The Code(this is where you should start reading if you like to get to the point)

Some of you may be thinking that PHP is so magical that there is a simple function that is going to go out and fetch the email we want from where ever it is on the server. Well you’re wrong (not about the magical part). What we need to do is setup a script that can capture the email when the server recieves it. This is actually pretty simple, all we need to do is extract the email data from standard input (php://stdin).

$file = fopen('php://stdin', 'r');

Once we establish a file pointer to our input stream the rest is the same as reading in any other file. Here’s the complete code:

< ?php
$data = '';
$file = fopen('php://stdin', 'r');
while(!feof($file))
{
     $data .= fgets($file, 4096);
}
fclose($file);
?>

$data now stores the raw content of the email, headers and body. At this point we just need to decide what to do with the email, I’ll leave that for you to decide.

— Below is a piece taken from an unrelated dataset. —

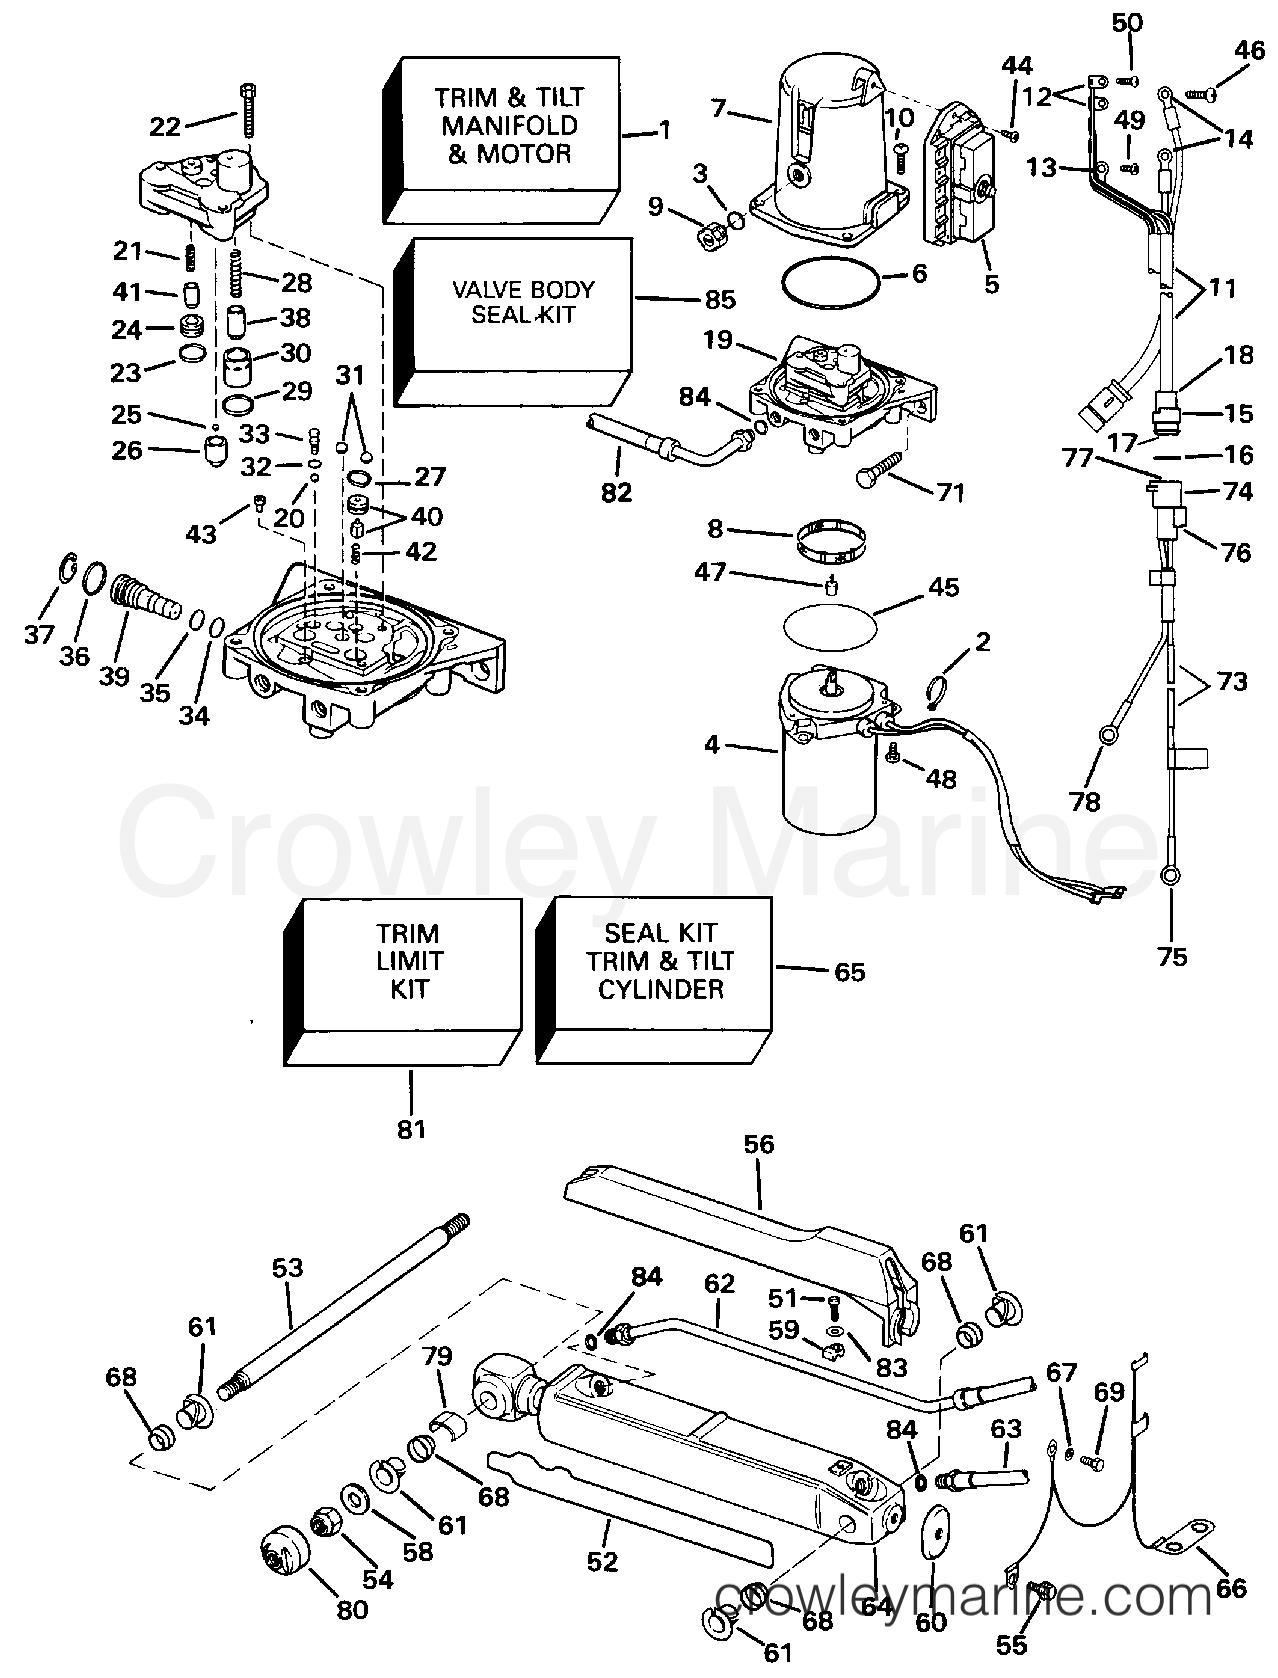 1994 OMC Stern Drive 7.4 - 744DJPMDA - POWER TRIM AND TILT
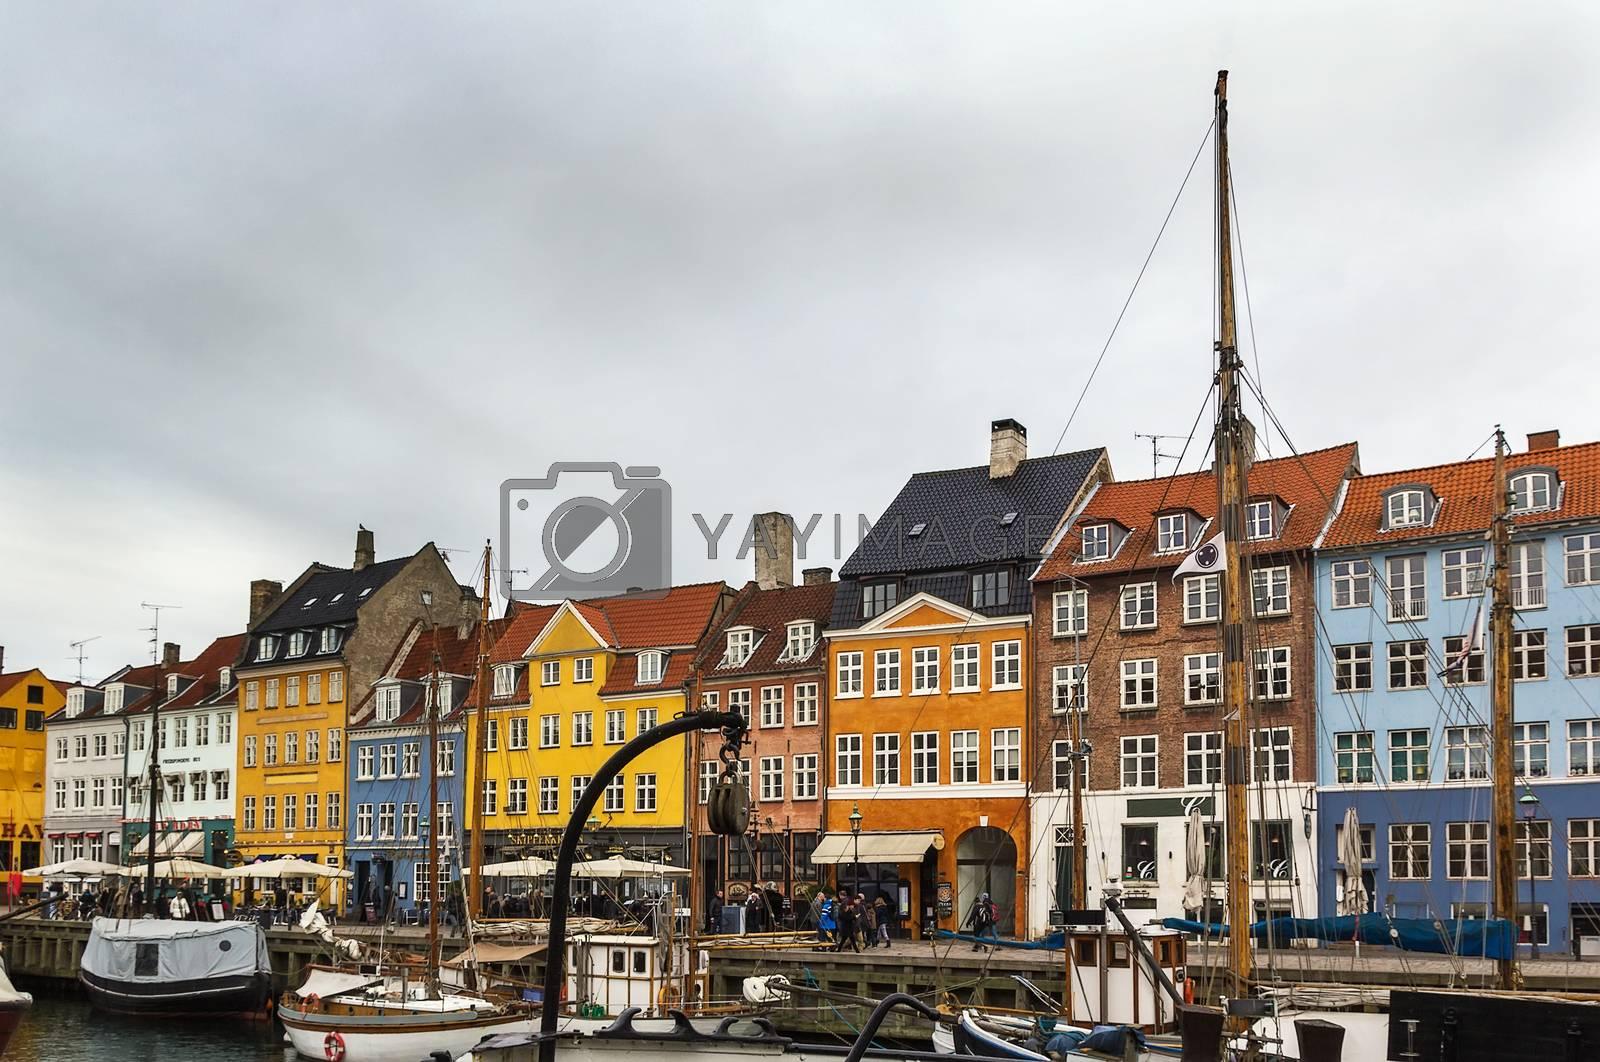 Nyhavn, Copenhagen by borisb17

So other than that our script is complete correct? False. We have not yet addressed one crucial step. The server needs to be told how to execute this script. You may be wondering, why would we have to tell the server what to do with a .php file… its .php! The main difference between a user requesting a .php file via the internet and what we are doing here is what is handling the request. When a user goes to index.php on your website, apache knows what to do with the file because that is how it has been configured. The server on the otherhand will not necissarily assume that the file should be parsed by php. So how do we tell it to you say? Hashbang. A hashbang tells the server how to handle a file, in our case we will use the following hashbang #!/usr/bin/php -q. Note that this may or may not work for you depending on the path to php on your server. The one I’m using is the default, so if you’re not sure use that one, otherwise contact your hosting provider. Ok so here is our completed, hashbanged code:

#!/usr/bin/php -q
< ?php
$data = '';
$file = fopen('php://stdin', 'r');
while(!feof($file))
{
     $data .= fgets($file, 4096);
}
fclose($file);
?>

Note that the hashbang is outside of the php tags. This is absolutely necissary for the script to work. Save this code and take note of the path to it.

The Setup

Now that we’ve written our script we need to tell the server what to do with incoming email. This setup is going to vary depending on your server configuration, I’ll tell you how to do it on a linux server with sendmail and cpanel but for anything else you’re on your own (or you can post back explaining how and I’ll add it to the tutorial). What we need to do is setup a forwarder. If you have cPanel this is fairly straightforward. In your mail section find the forwarders option and click it. From there click add new forwarder. At this point you’ll have a few different options: you can forward to another address, discard and send an error message, do nothing, or pipe to a program. We want to pipe to a program. Just type in the address that you want piped, select the pipe option and then set the path to the path to the file you just saved. If you have access to your home directory, you can forego using cpanel and use a .forward file. All you have to do is create a file called .forward and add the following line:

email@address.com,”|/path/to/script.php”

Of course replace the email address with the address you want forwarded and /path/to/script.php with the actual path to the script. You can also omit the email address portion to have all mail forwarded to the script. I believe this process is the same using Exim or Qmail.

Well that’s it for the most part. Feel free to post back with any problems you have or additions you’d like to make. I’ll write about taking a raw email and converting it to a more friendly format, in this case an associative array, in the near future.